Interstitial cystitis (IC) is a chronic bladder disorder also known as painful bladder syndrome and frequency-urgency-dysuria syndrome. In this disorder, the bladder wall can become inflamed and irritated. The inflammation can lead to scarring and stiffening of the bladder, decreased bladder capacity, pinpoint bleeding, and, in rare cases, ulcers in the bladder lining. The cause of IC is unknown at this time.
Kidney stones is the term commonly used to refer to stones, or calculi, in the urinary system. Stones form in the kidneys and may be found anywhere in the urinary system. They vary in size. Some stones cause great pain while others cause very little. The aim of treatment is to remove the stones, prevent infection, and prevent recurrence. Both nonsurgical and surgical treatments are used. Kidney stones affect men more often than women.
Prostatitis is inflammation of the prostate gland that results in urinary frequency and urgency, burning or painful urination (dysuria), and pain in the lower back and genital area, among other symptoms. In some cases, prostatitis is caused by bacterial infection and can be treated with antibiotics. But the more common forms of prostatitis are not associated with any known infecting organism. Antibiotics are often ineffective in treating the nonbacterial forms of prostatitis.
Proteinuria is the presence of abnormal amounts of protein in the urine. Healthy kidneys take wastes out of the blood but leave in protein. Protein in the urine does not cause a problem by itself. But it may be a sign that your kidneys are not working properly.
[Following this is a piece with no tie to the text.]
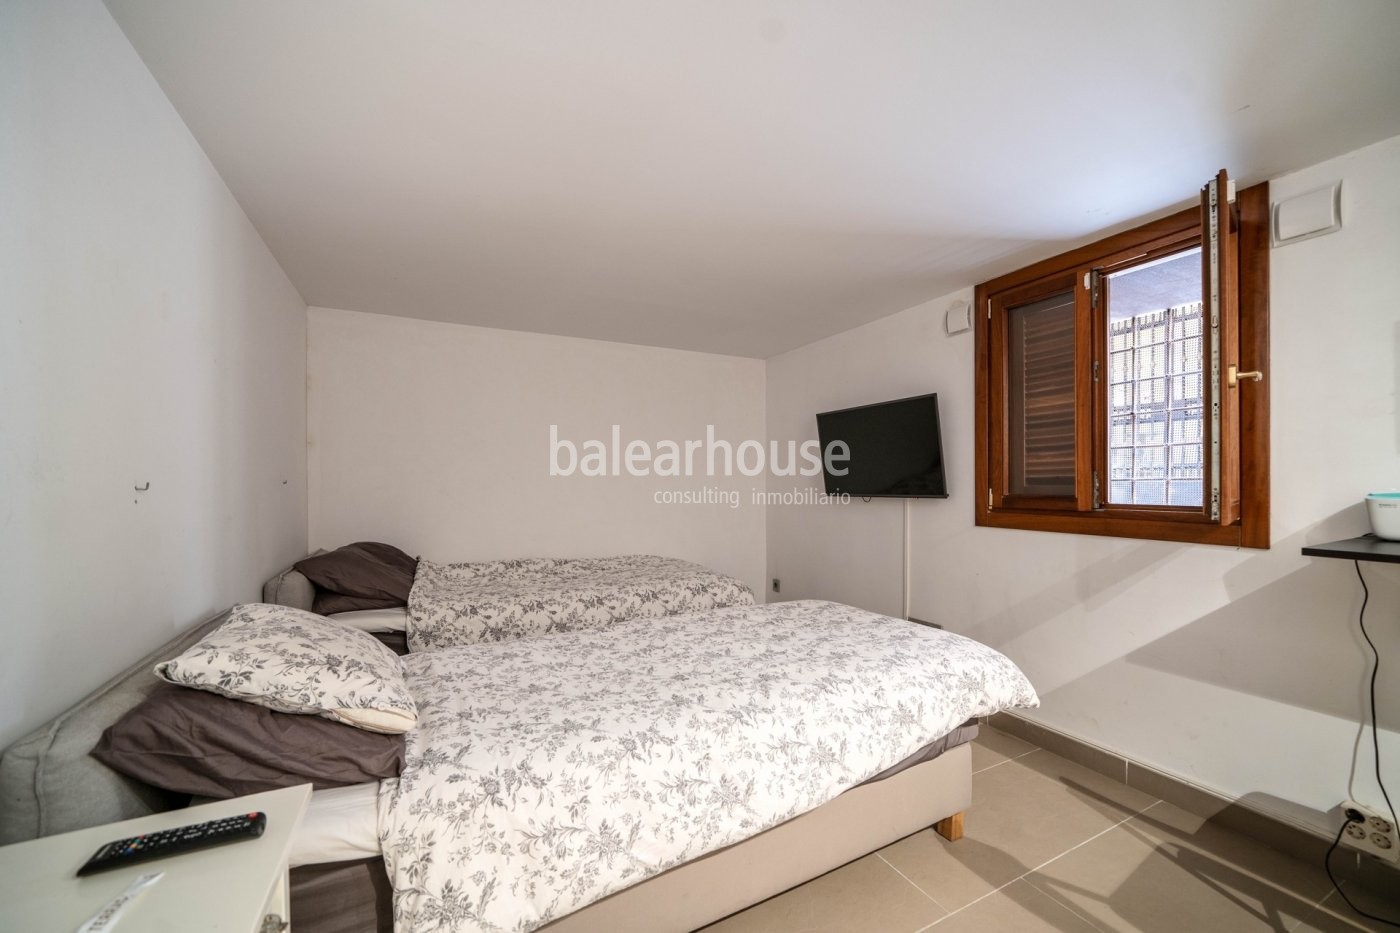 Beautiful ground floor flat with terrace in the heart of the old town

Renal (kidney) failure results when the kidneys are not able to regulate water and chemicals in the body or remove waste products from your blood. Acute renal failure (ARF) is the sudden onset of kidney failure. This can be caused by an accident that injures the kidneys, loss of a lot of blood, or some drugs or poisons. ARF may lead to permanent loss of kidney function. But if the kidneys are not seriously damaged, they may recover. Chronic renal failure (CRF) is the gradual reduction of kidney function that may lead to permanent kidney failure, or end-stage renal disease (ESRD). You may go several years without knowing you have CRF.
Urinary tract infections (UTIs) are caused by bacteria in the urinary tract. Women get UTIs more often than men. UTIs are treated with antibiotics. Drinking lots of fluids also helps by flushing out the bacteria.
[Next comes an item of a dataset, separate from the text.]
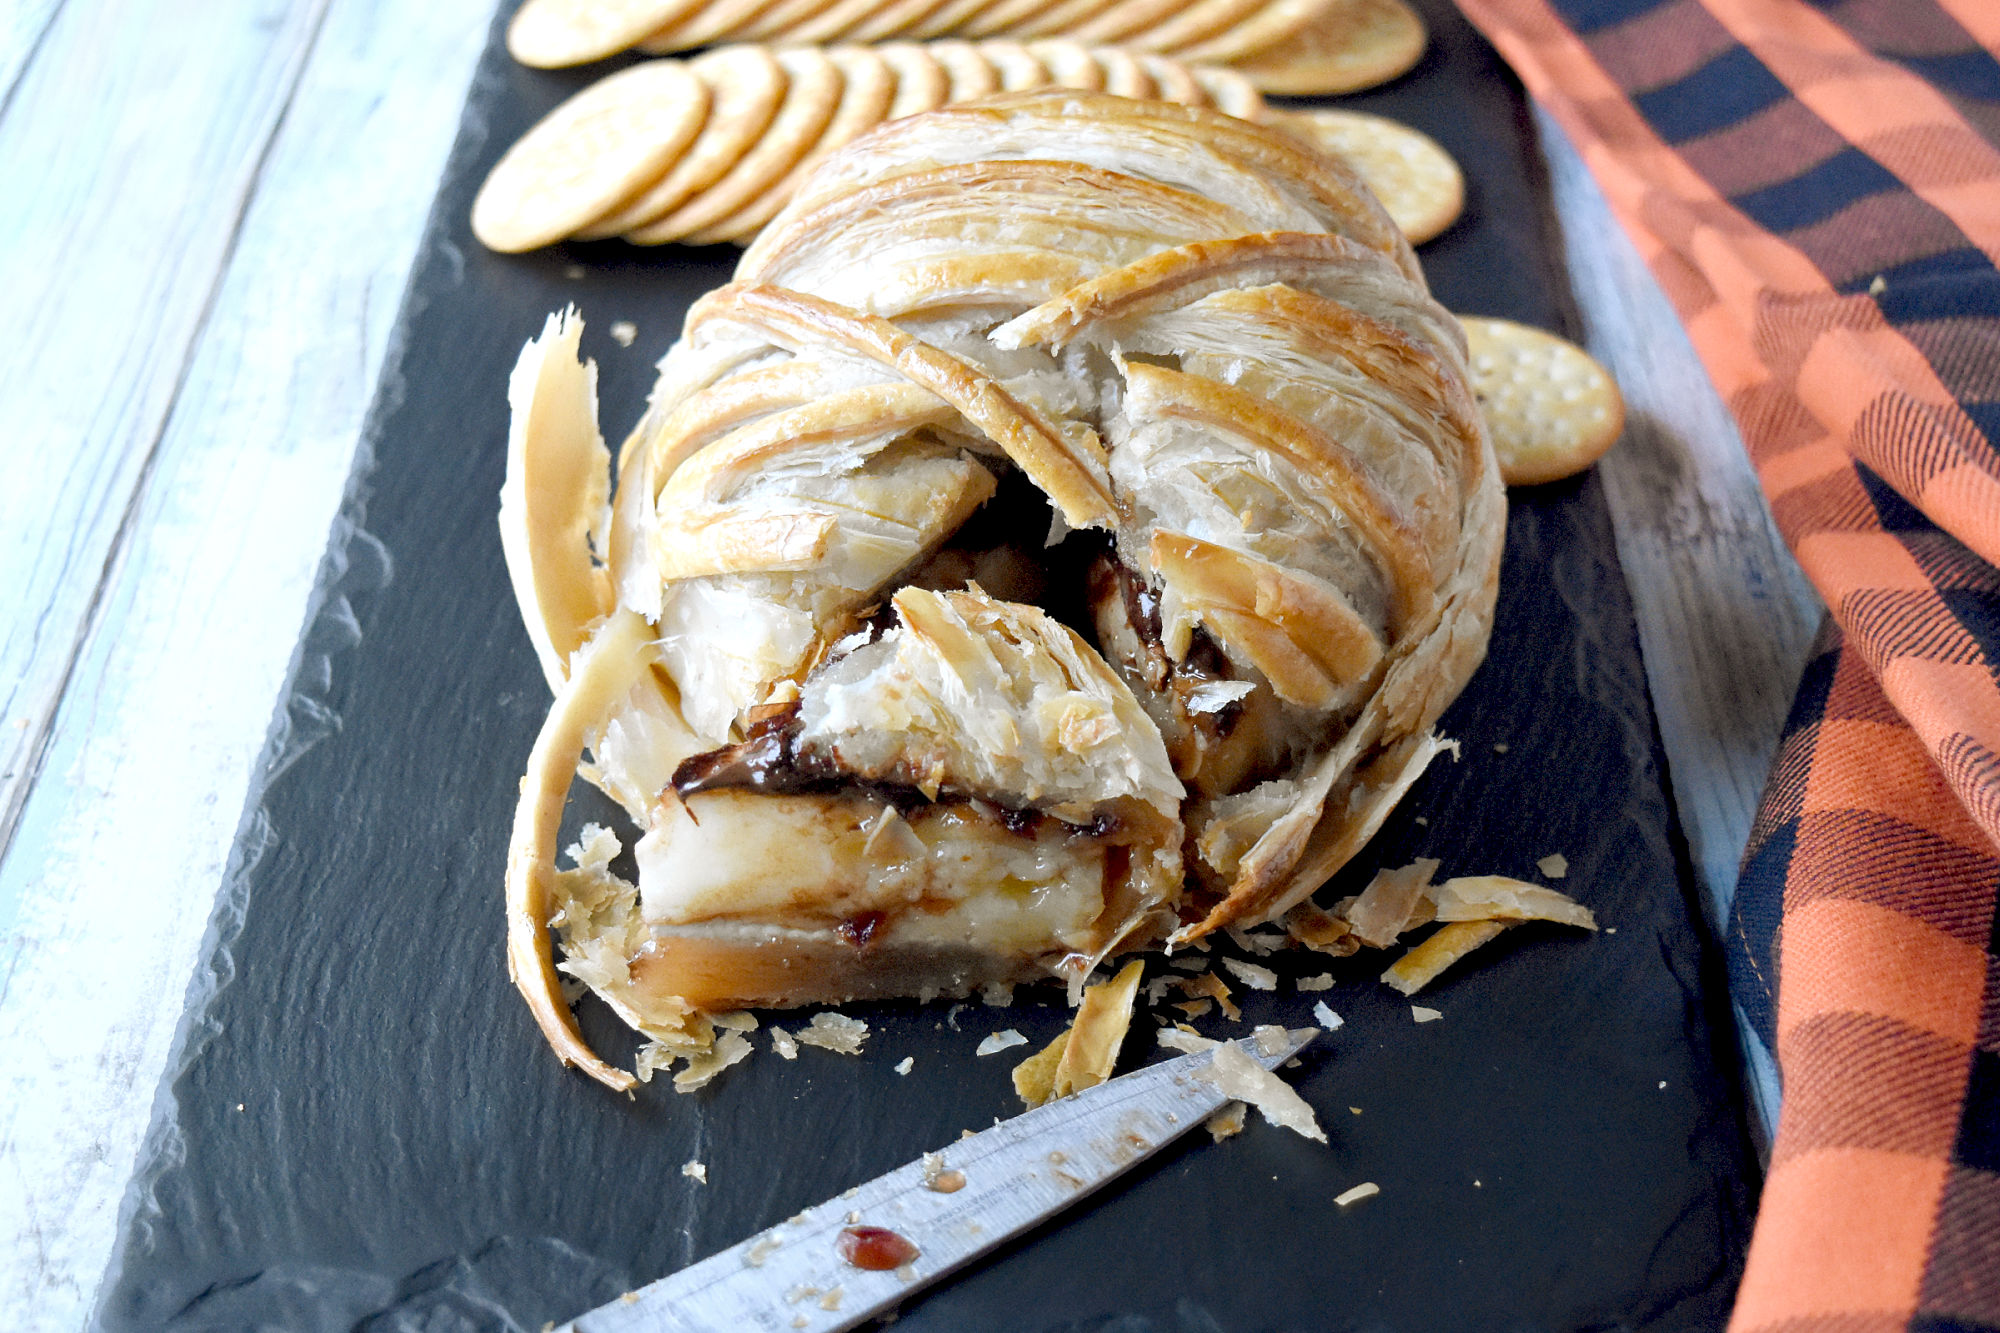 Oozing Mummy Baked Brie is topped with dried cranberries simmered in orange juice and dark chocolate chips.  It’s a sweet and savory treat for an appetizer or dessert and super simple to make. #HalloweenTreatsWeek #bakedbrie

The name of the UTI depends on its location in the urinary tract. An infection in the bladder is called cystitis. If the infection is in one or both of the kidneys, the infection is called pyelonephritis. This type of UTI can cause serious damage to the kidneys if it is not adequately treated.
Urinary incontinence, loss of bladder control, is the involuntary passage of urine. There are many causes and types of incontinence, and many treatment options. Treatments range from simple exercises to surgery. Women are affected by urinary incontinence more often than men.
Urinary retention, or bladder-emptying problems, is a common urological problem with many possible causes. Normally, urination can be initiated voluntarily and the bladder empties completely. Urinary retention is the abnormal holding of urine in the bladder. Acute urinary retention is the sudden inability to urinate, causing pain and discomfort. Causes can include an obstruction in the urinary system, stress, or neurologic problems. Chronic urinary retention refers to the persistent presence of urine left in the bladder after incomplete emptying. Common causes of chronic urinary retention are bladder muscle failure, nerve damage, or obstructions in the urinary tract. Treatment for urinary retention depends on the cause.
Who Can Help Me With a Urinary Problem?
Your primary doctor can help you with some urinary problems. Your pediatrician may be able to treat some of your child's urinary problems. But some problems may require the attention of a urologist, a doctor who specializes in treating problems of the urinary system and the male reproductive system. A gynecologist is a doctor who specializes in the female reproductive system and may be able to help with some urinary problems. A urogynecologist is a gynecologist who specializes in the female urinary system. A nephrologist specializes in treating diseases of the kidney.
Points To Remember
Your urinary system filters waste and extra fluid from your blood.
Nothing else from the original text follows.